I also experimented with ways to make the serialised index smaller. I'm trying to cut down the number of parts of an index that actually need to be serialised, and re-building the rest when loading the built index. This hasn't gone quite as well so far. For example, re-building the token trees when loading makes the load time about 100x slower. The example index goes from loading in ~2ms to around ~200ms.

JVillella commented 10 years ago

Has there been any follow up to this? I'm having an identical issue trying to index web pages by first stripping the inner text out of the body. 10 small sites is enough to cause the call stack size exceeded error.

olivernn commented 10 years ago

I haven't spent much time recently on lunr so haven't really managed to progress much on this.

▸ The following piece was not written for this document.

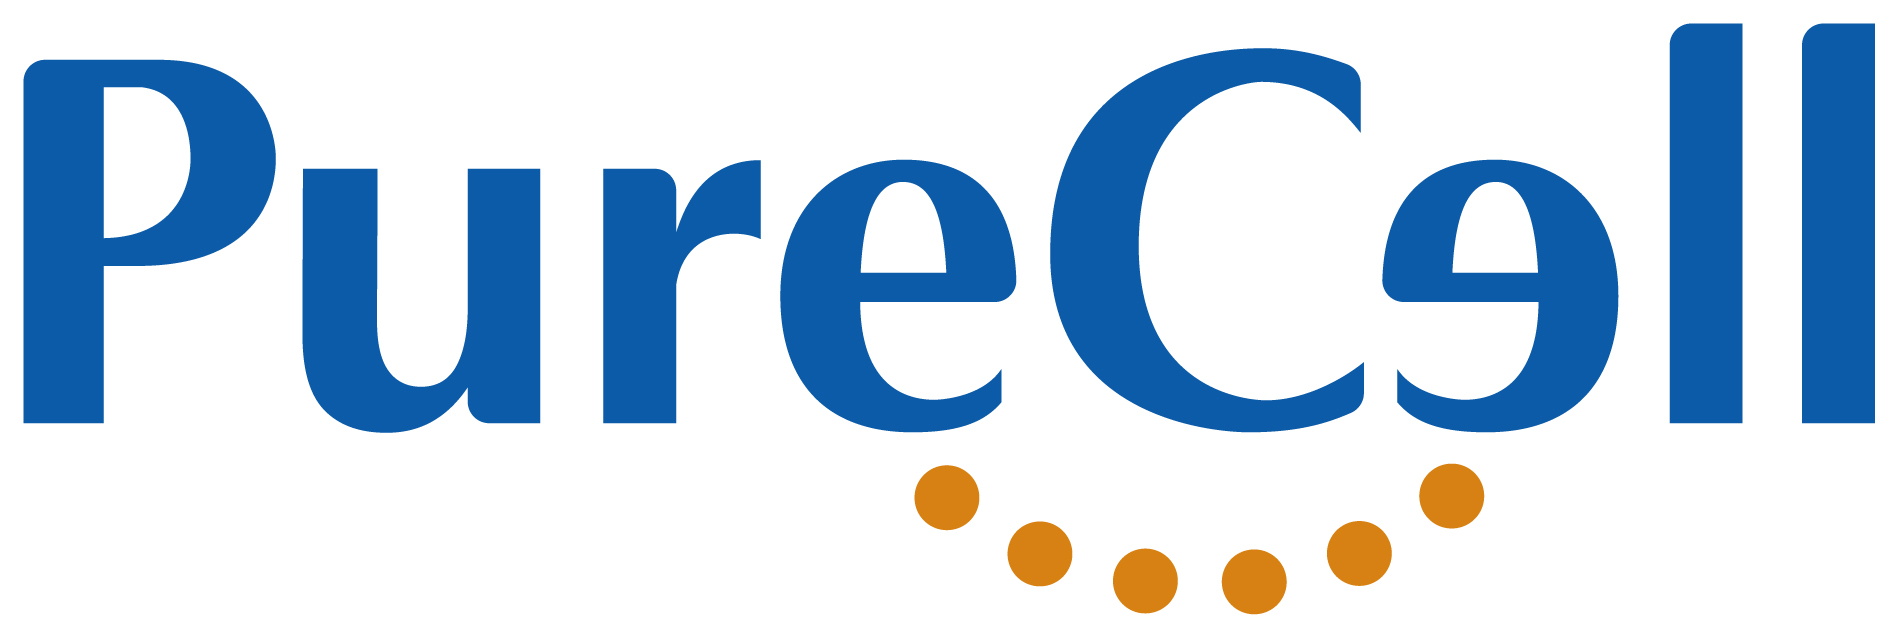 株式会社PureCell_logo

Out of interest though, roughly what size is the index when you start seeing the call stack errors?

kig commented 8 years ago

I've been hacking on making the serialized index smaller as I'm trying to do client-side search of the v8 codebase (which is around 120 MB). I've got a small prototype of a packed index up at https://github.com/kig/lunr.js

The unpacked index is 180 MB (20 MB gzipped). The packed index is 20 MB (6.5 MB gzipped). And there's still a good chunk of compression possible. I played with quantizing the termFreqs and that alone dropped the gzipped file size to 1.4 megs.

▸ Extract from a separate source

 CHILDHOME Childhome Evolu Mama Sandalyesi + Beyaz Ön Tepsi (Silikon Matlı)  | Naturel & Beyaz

I have a simple unit test on the serialiser, but haven't tested it on any real datasets.

vladimiry commented 8 years ago

@kig what about using client-side archiving, something like this http://pieroxy.net/blog/pages/lz-string/index.html? Also I noticed this The index size is about half size of lunr.js index file. on the https://github.com/weixsong/elasticlunr.js page.

kig commented 8 years ago

You can play with a live demo at https://tabletree.io - I ended up rolling a simplified search optimized for speed and index wire size. The index is 1MB gzipped and the searches take <20ms, so you get nice live updates as you type.

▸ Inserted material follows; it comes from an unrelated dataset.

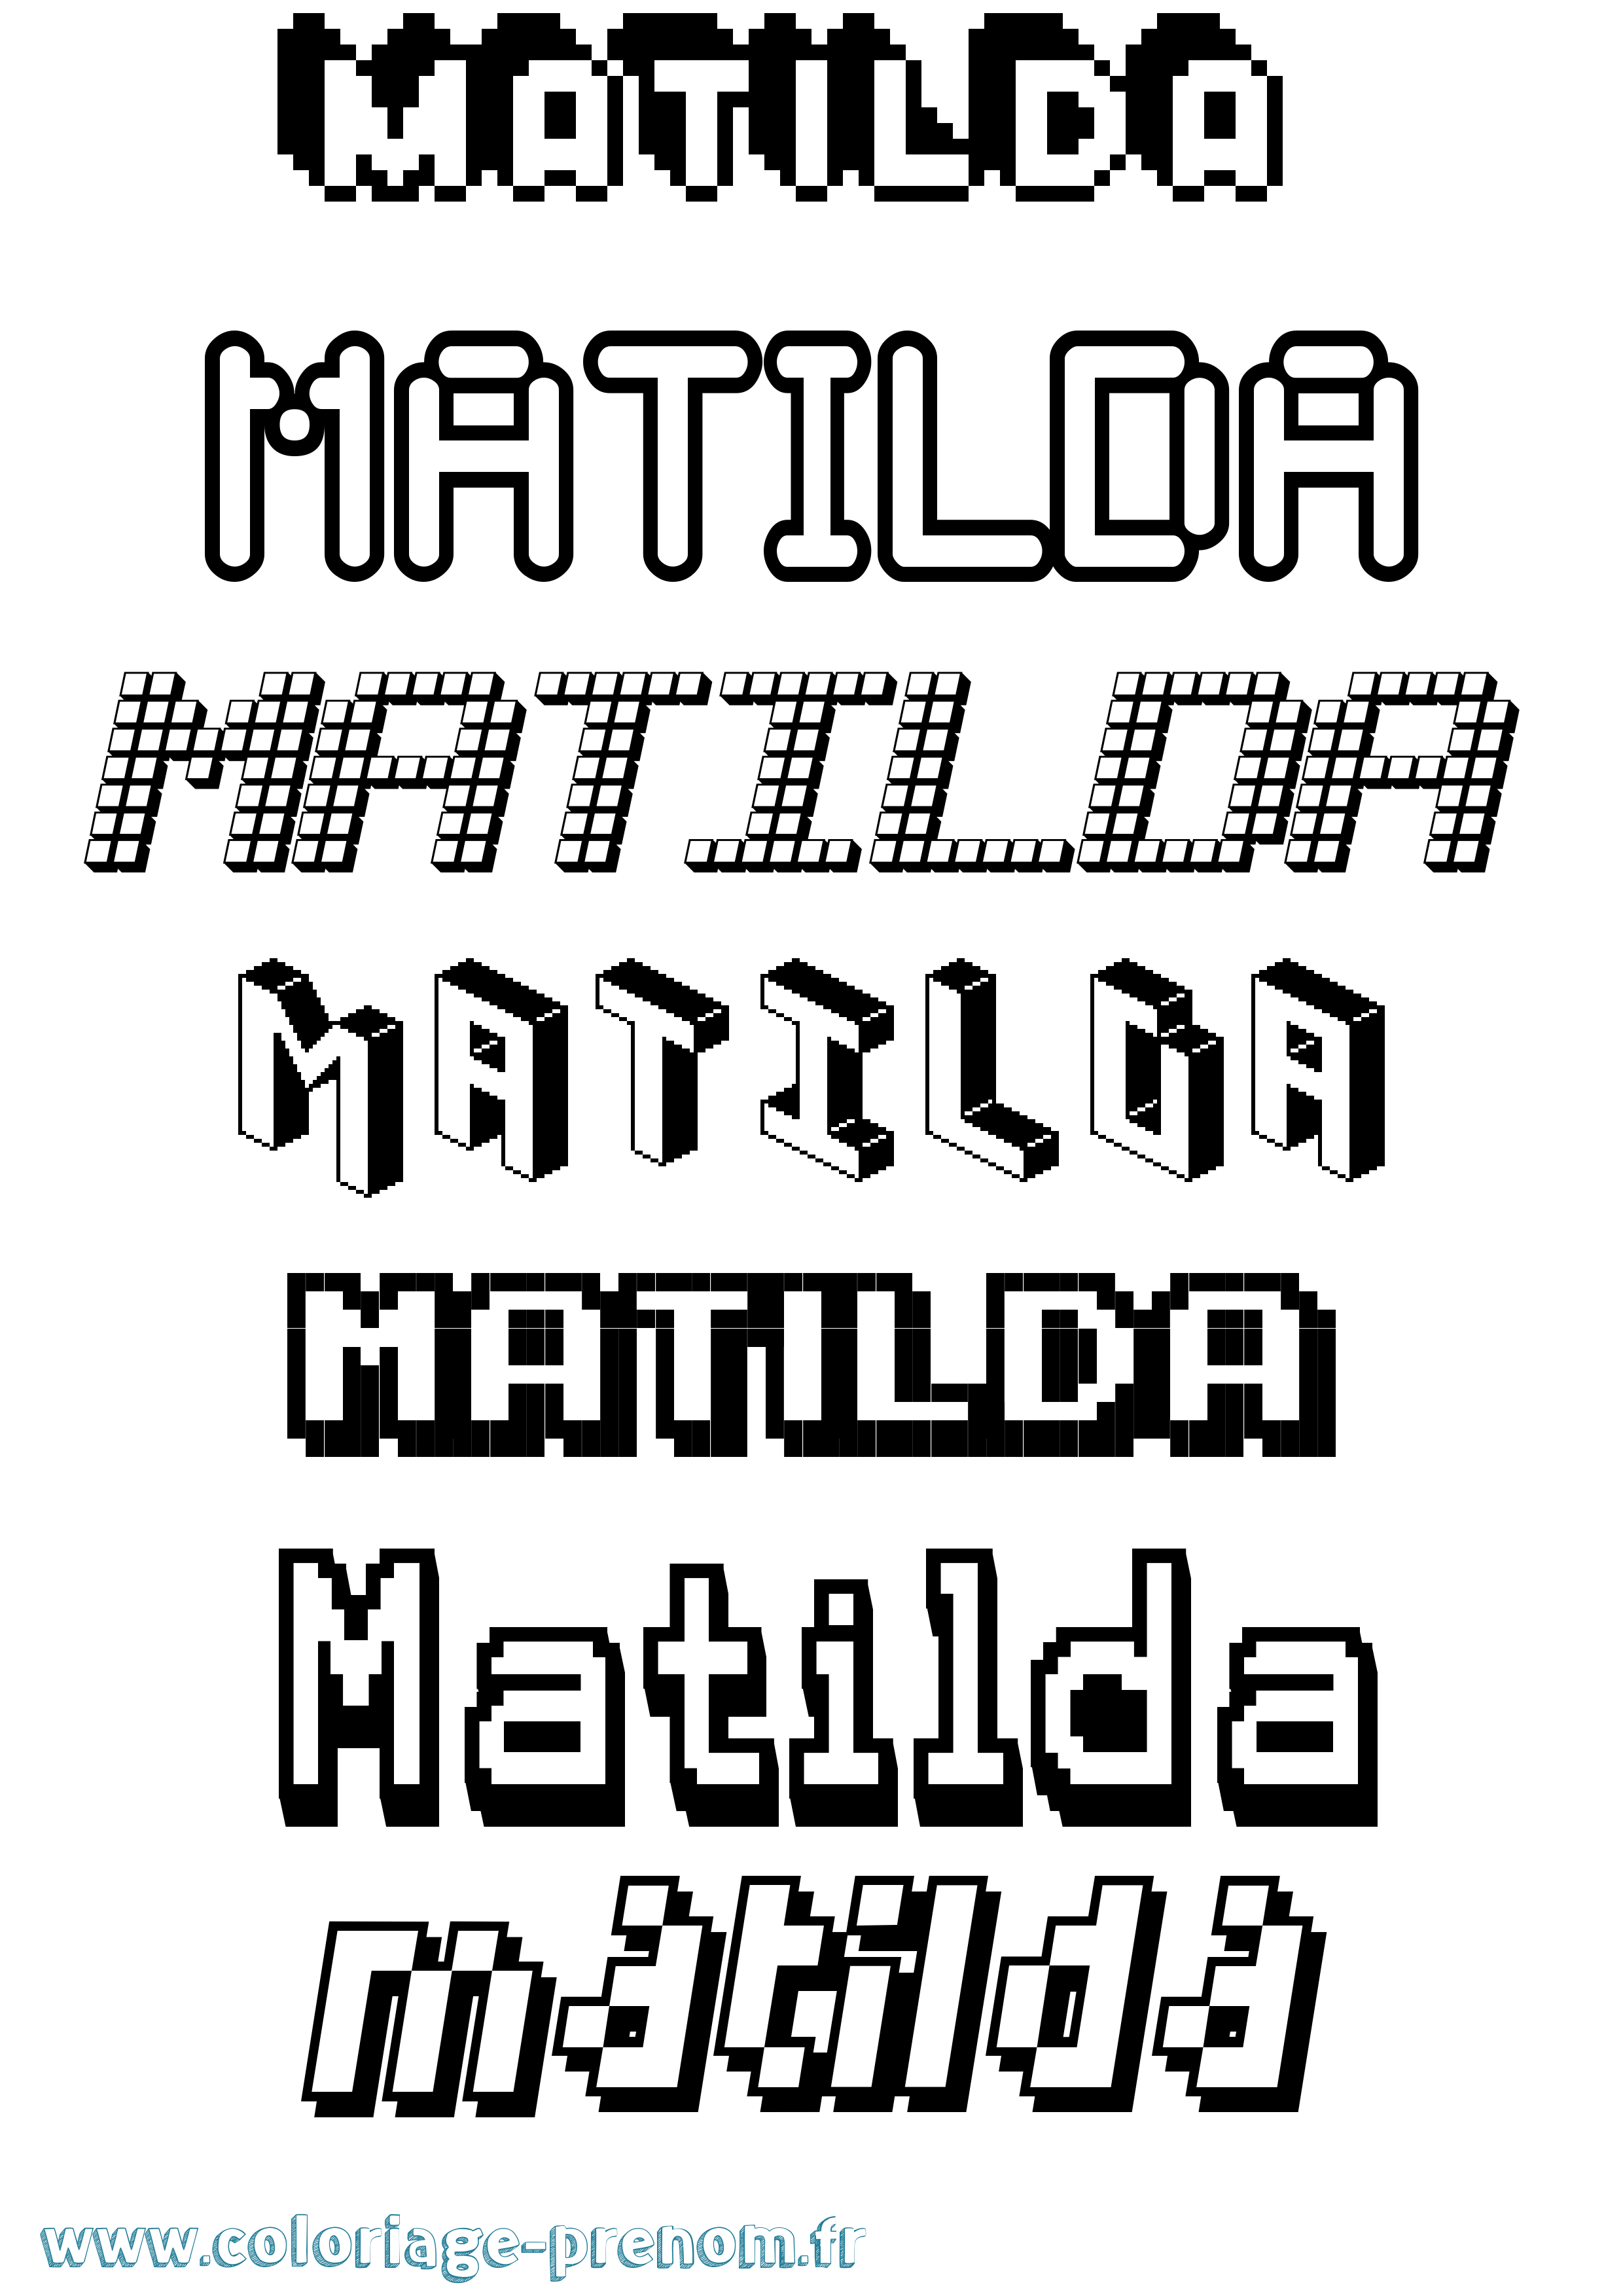 Coloriage prénom Matilda

Client-side archiving might get you 10-20% wire size boost compared to gzip, but you end up spending more time decompressing the data, so I figured I'd just make the source data more gzip-friendly. Building the search index on the client-side is a non-starter as the corpus is a hundred megs in size -- need to build a compressed index off-line and transfer just that to the client.

olivernn commented 8 years ago

@kig that is an awesome live demo, reminds me of this scene in Jurassic Park!

Prinzhorn commented 7 years ago

I found that the size of the JSON is not the issue but rather the depth that causes the call stack size to exceed. In my case I had a few very long words that were indexed. It was caused by blindly using $('body').text(), which does not add a white space between the text nodes and can cause very long "words" which do not get tokenized. These result in a very deeply nested object.

I went with something like the following in our indexing script (which uses cheerio to index static html files)

$('body *').map(function() {
    return $(this).text();
}).get().join(' ');
olivernn commented 7 years ago

Three years later there is a major new version of Lunr, 2.x, which has a much simpler serialised structure. Upgrading to this latest version should hopefully alleviate any issues with trying to serialise the large, deeply nested, data structure that Lunr 0.x and 1.x have.